Additionally, Mr Fraser reiterated the warnings communicated last week by Reserve Bank of Australia governor Philip Lowe, who had said that China’s “highly indebted economy” poses a threat to prosperity in Australia.

“The rapid credit expansion [in China] has raised concerns over the quality of lending in some pockets of the economy over recent years. In addition, a large share of financial market activity occurs in unregulated sectors,” the Treasury secretary said.

“The risks in the Chinese financial system heighten the possibility of financial market volatility and a sharper slowdown in economic growth as Chinese authorities focus on containing risks.

“China’s economic relationship with Australia is extensive and has been deepening over time. The adverse consequences of a shock in China would be felt in Australia, along with the wider world.”

However, Mr Fraser pointed out that “global risks have always been an enduring part of Australia’s economic backdrop” and that the global economy has demonstrated “remarkable resilience in recent years” following the global financial crisis.

He remained optimistic about China’s ability to reform its financial system, noting that the nation’s GDP growth is expected to ease, with a target of around 6.5 per cent. (China’s debt-to-GDP ratio over the last decade has been larger than all other major economies, growing from approximately 140 per cent in 2008 to around 260 per cent in 2017.)

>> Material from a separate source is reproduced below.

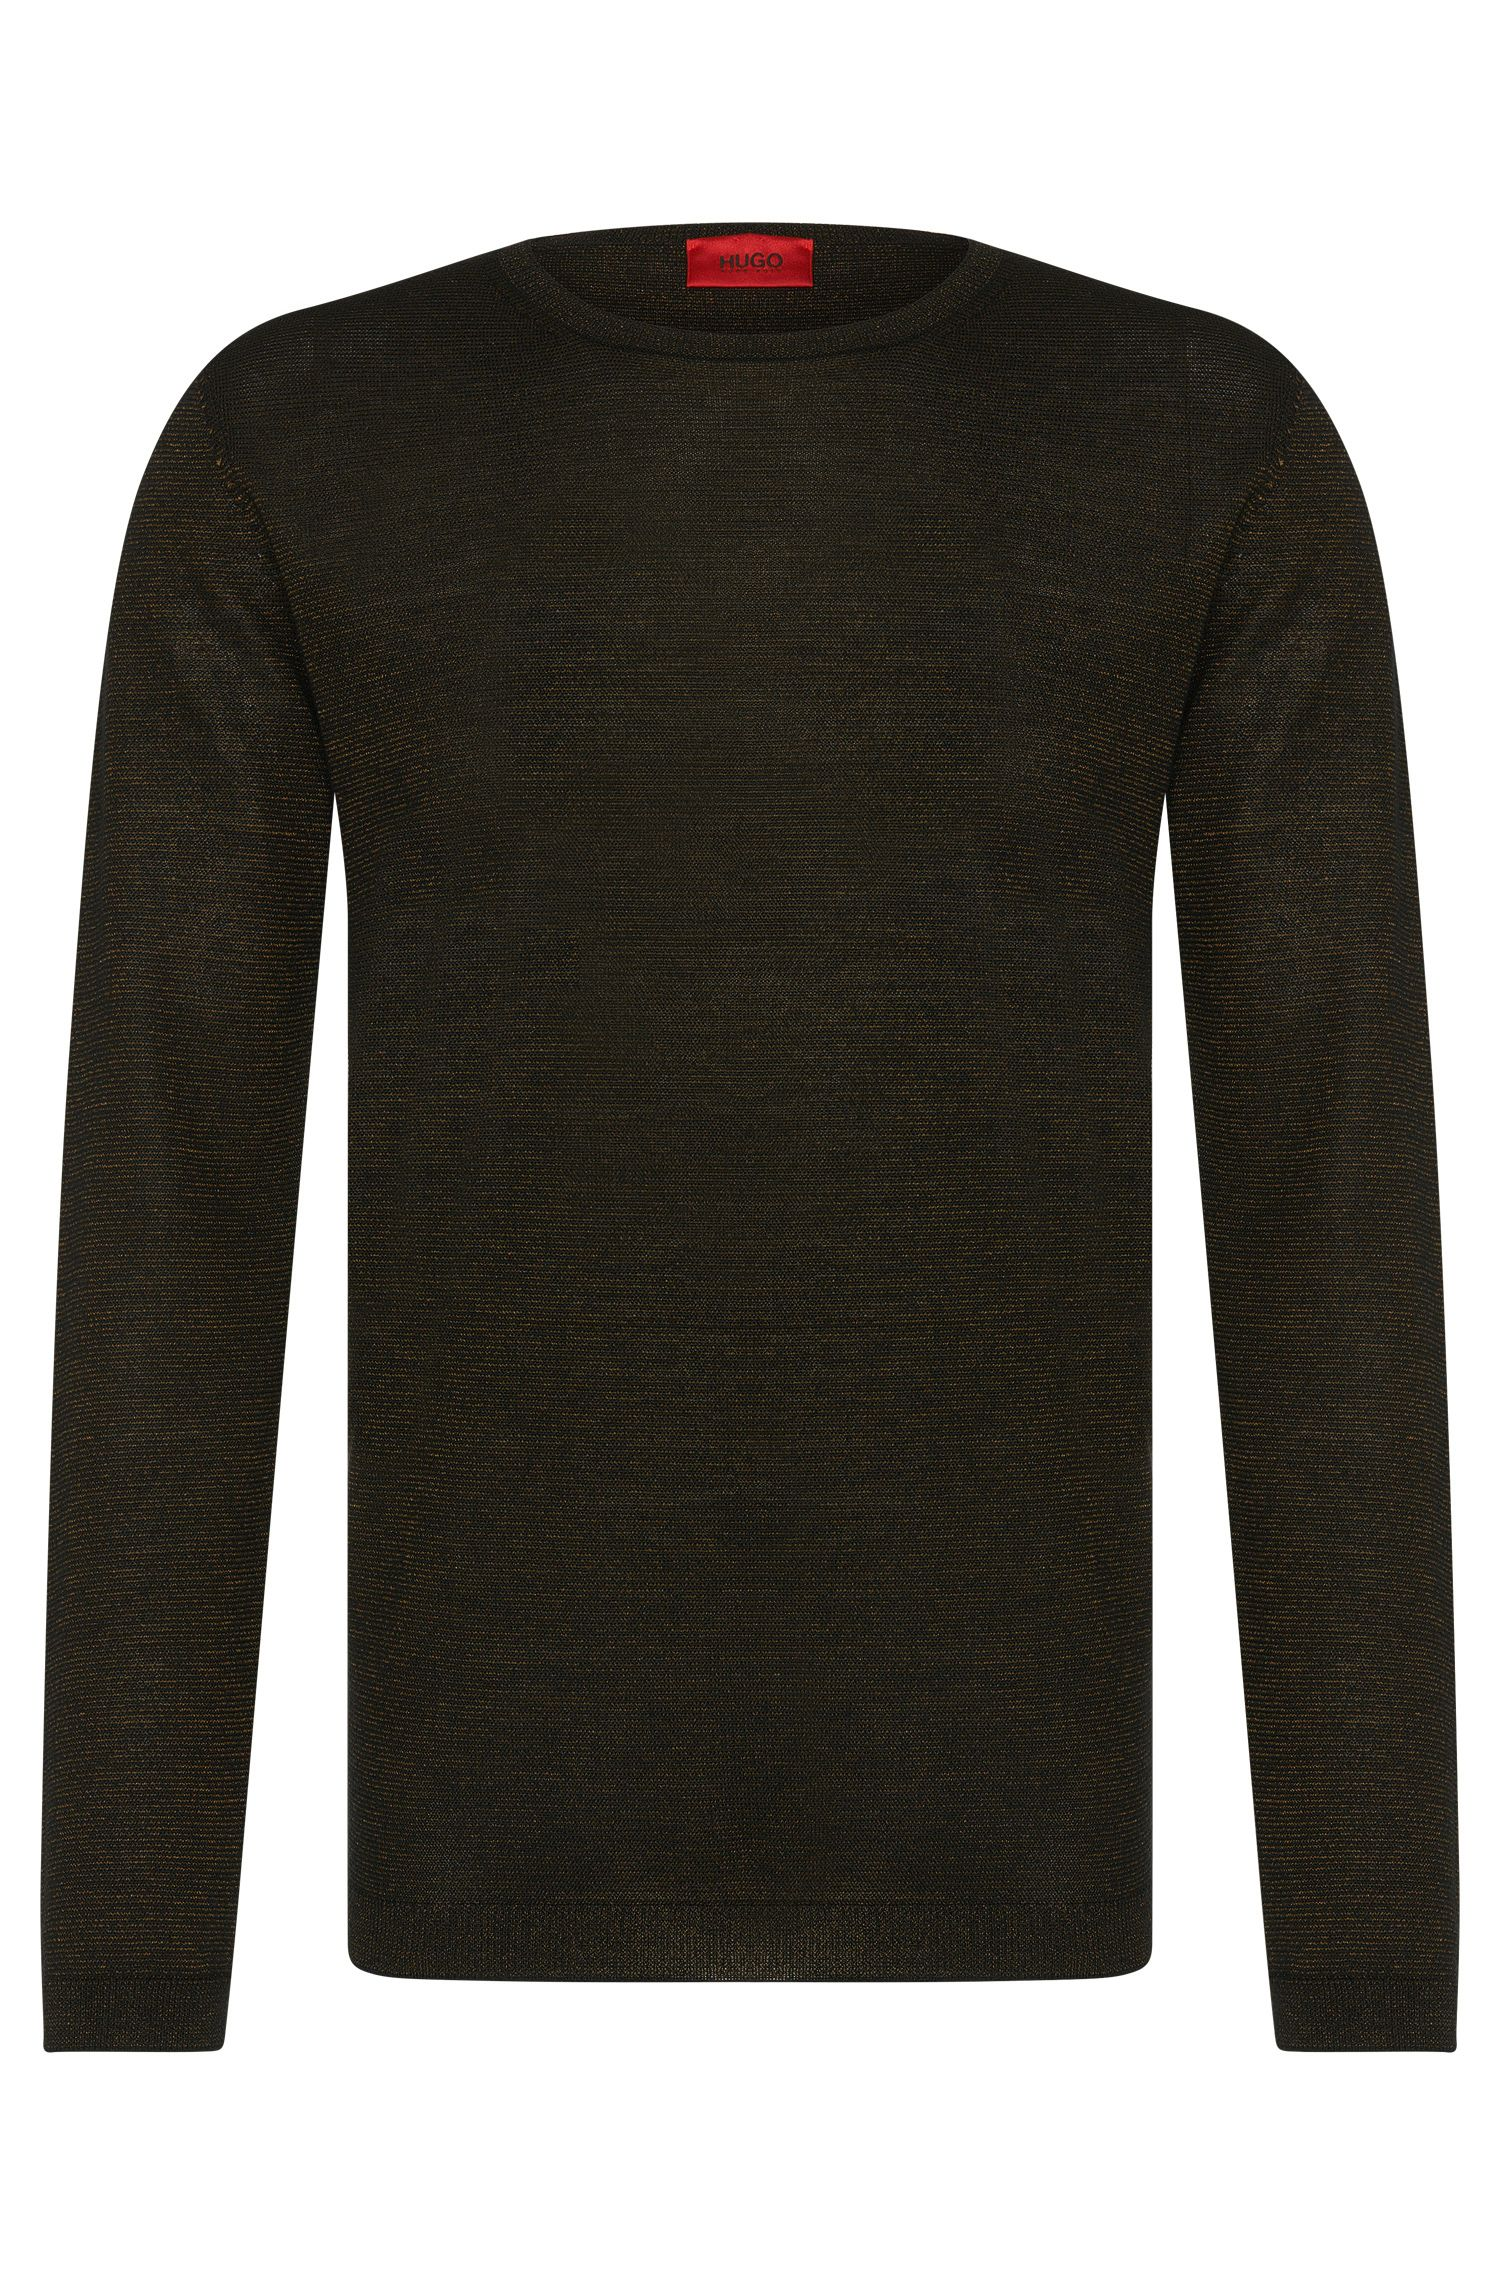 'Salex' | Merino Virgin Wool Blend Metallic Stripe Sweater

“Further moderation is expected in coming years in line with the focus of authorities on a sustainable path for economic growth,” Mr Fraser said.

The Treasury secretary was largely confident about the future of Australia’s economy, saying that his talks with ratings agencies —  including Fitch and Standard & Poor’s — overseas suggest that the government will be able to maintain its top credit rating.

“A strong fiscal position and our triple-A credit rating from all three major rating agencies remains the best defence against the inevitable economic and financial headwinds,” Mr Fraser said.

He continued that the projected cash balance for the 2017–18 and 2018–19 financial years is “expected to be the strongest since the global financial crisis”.

“The underlying cash balance is now forecast to return to balance in 2019–20 before increasing to projected surpluses of $11.0 billion in 2020–21 and $16.6 billion in 2021–22. Beyond the forward estimates, the underlying cash balance is projected to remain in surplus, reaching a projected surplus exceeding 1 per cent of GDP by 2026–27," Mr Fraser said. 

“As a result of the improved fiscal outlook, net debt is now expected to peak at 18.6 per cent of GDP in 2017–18 before declining in each year of the forward estimates and the medium term, falling to 3.8 per cent of GDP by 2028–29.

Mr Fraser also said that it’s “clear” that Australia will have one of the highest corporate tax rates among ­advanced economies.

“Of the 35 OECD members, only Portugal and France have a higher corporate tax rate than Australia — and the French have already legislated to cut their rates [from 33.3 per cent to 25 per cent] below Australia’s over the next few years,” Mr Fraser said.

Based on all these factors, the Treasury secretary said that he expects the growth that the government has been forecasting in previous years to “materialise over the next few years”, which he also believes will eventuate in higher wages after years of subdued income growth.